Friday, July 8, 2011

Structural change, jobless recoveries and job creation

Structural change has in many ways become synonymous with jobless recoveries and in a way almost a bad word (phrase?).

In an interesting 2003 article, Erica Goshen and Simon Potter ask whether structural change can be responsible for jobless recoveries. Their chart 5 shows that since the recession of the 1980s, the percentage of total employment in industries undergoing structural change has increased substantially - from 50% to 80%



This finding is only suggestive since it doesn’t really get into the root of the problem, that is: What is it about structural change that makes jobs hard to create?

Here is a plot of job openings from JOLTS data via FRED from 2000 to current which seems to indicate that rate of job openings have reached a lower plateau(s).




JOLTS data does not go far back enough for us to see if the pre-2000 era had higher job openings. An indication that this might be true can be gleaned using openings data from the Business Employment Dynamics. Prior to 2000, the openings rate (measure differently as in the JOLTS) hovered between 2.0 and 1.5 percentages points but began declining in 1999 to about 1.0 percent. Because of the large pool of people looking for work, such a small decline can have large effects on the number unemployed and the unemployment rate.
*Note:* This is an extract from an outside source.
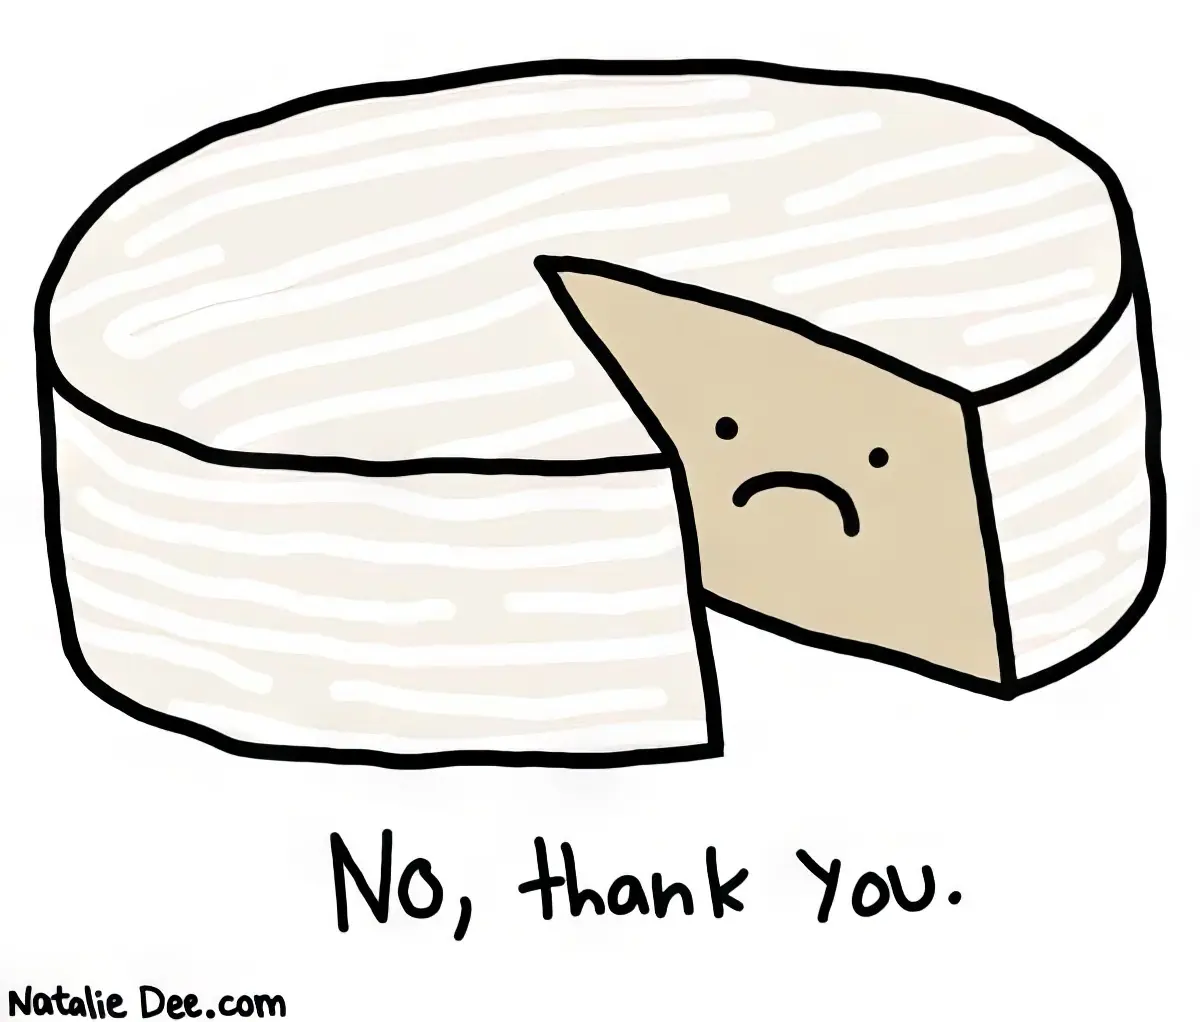 1592-dont-want-no-brie-thanks-anyway.
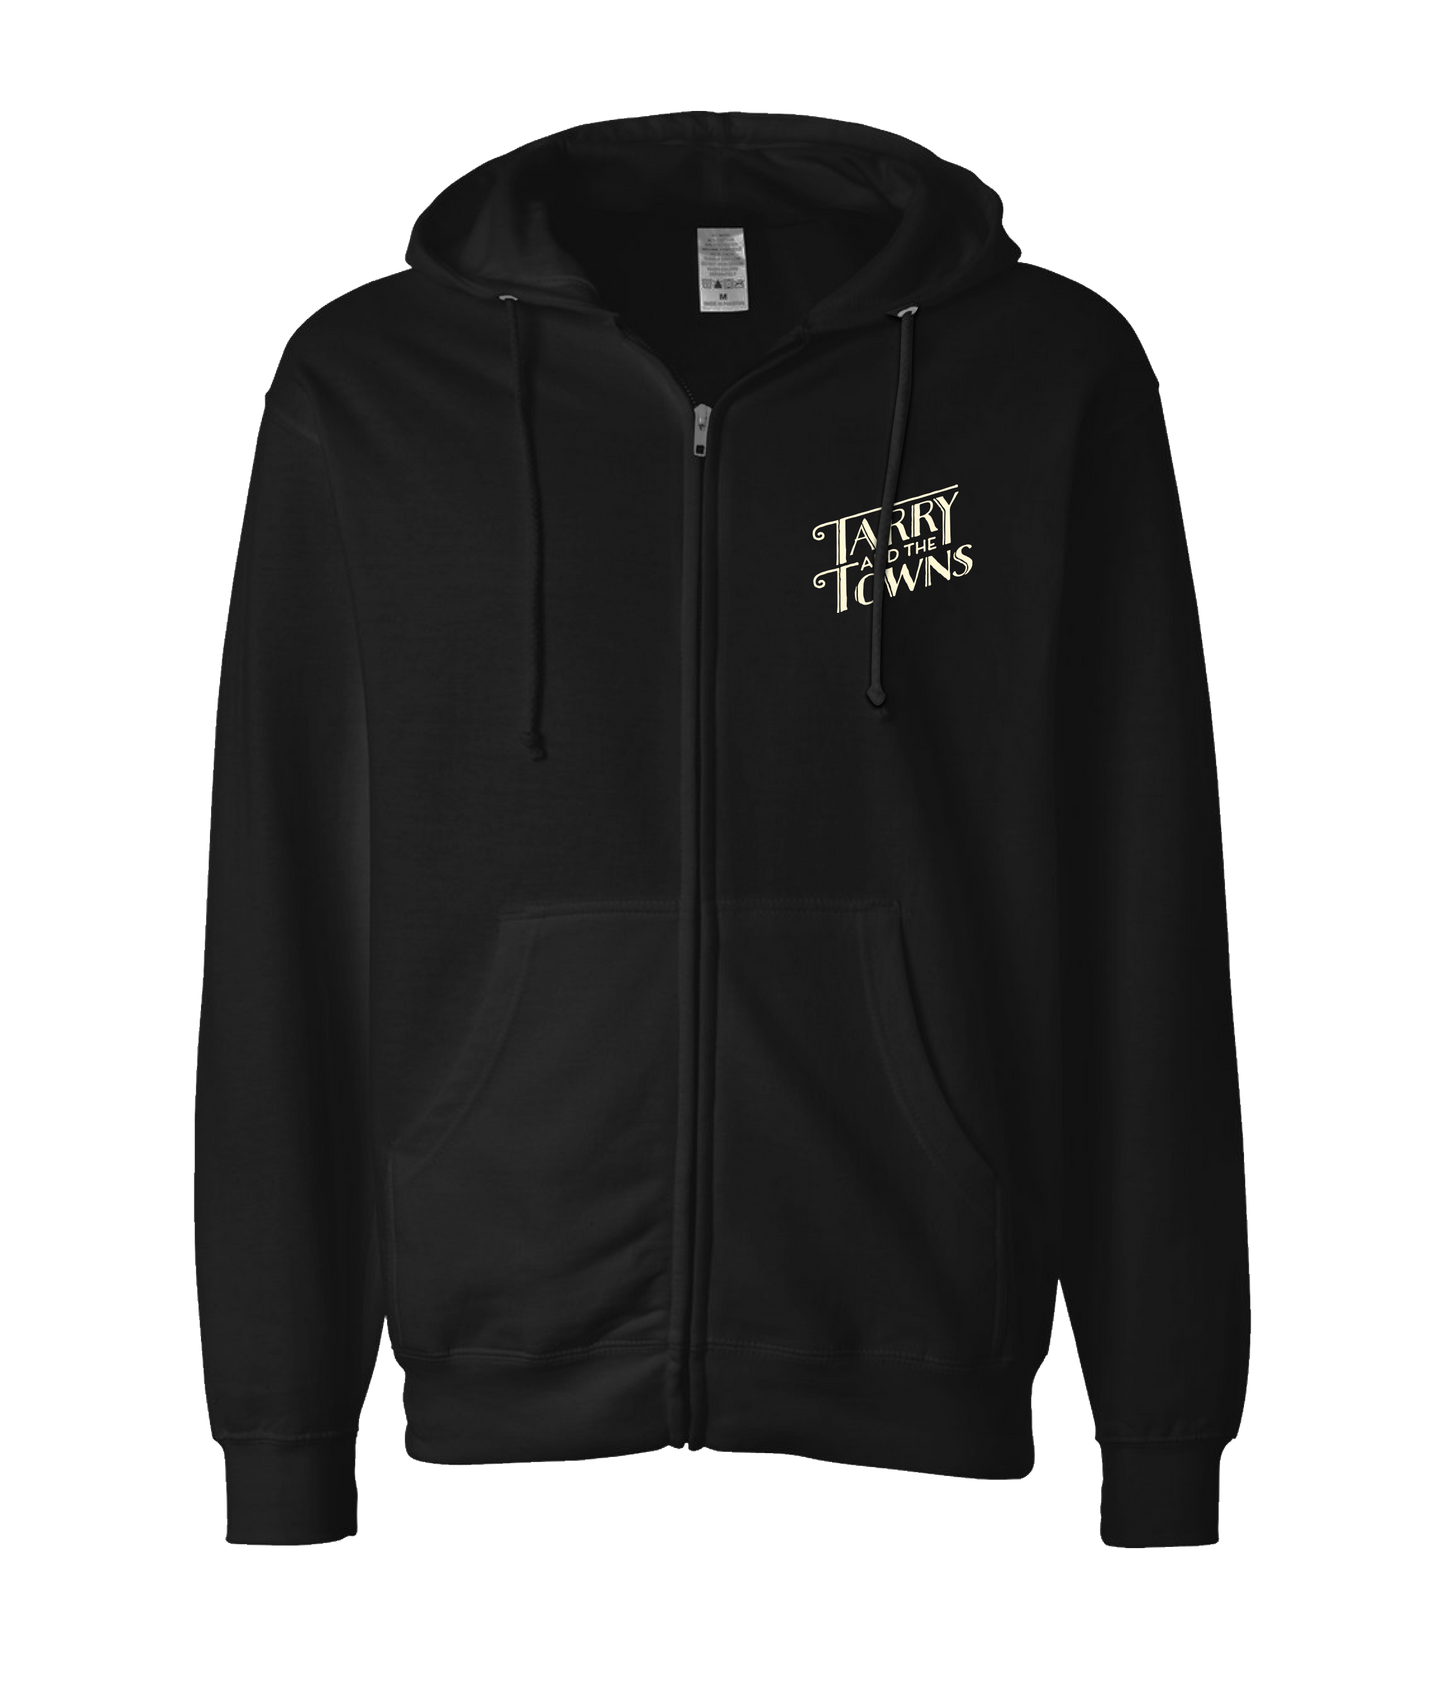 Tarry and the Towns - Logo - Black Zip Up Hoodie

Data from Business Dynamics Statistics compiled from the Longitudinal Employer-Household Database seems to also tell the same story. The job creation rate has declined over time. The net job creation rate however seems less pessimistic. The net rate subtracts from the job creation rate, the death rate of jobs and seems to indicate that while jobs are indeed harder to create, firms have also become somewhat more resilient in keeping jobs.

Of course, none of these pictures really address why jobs have become harder to create.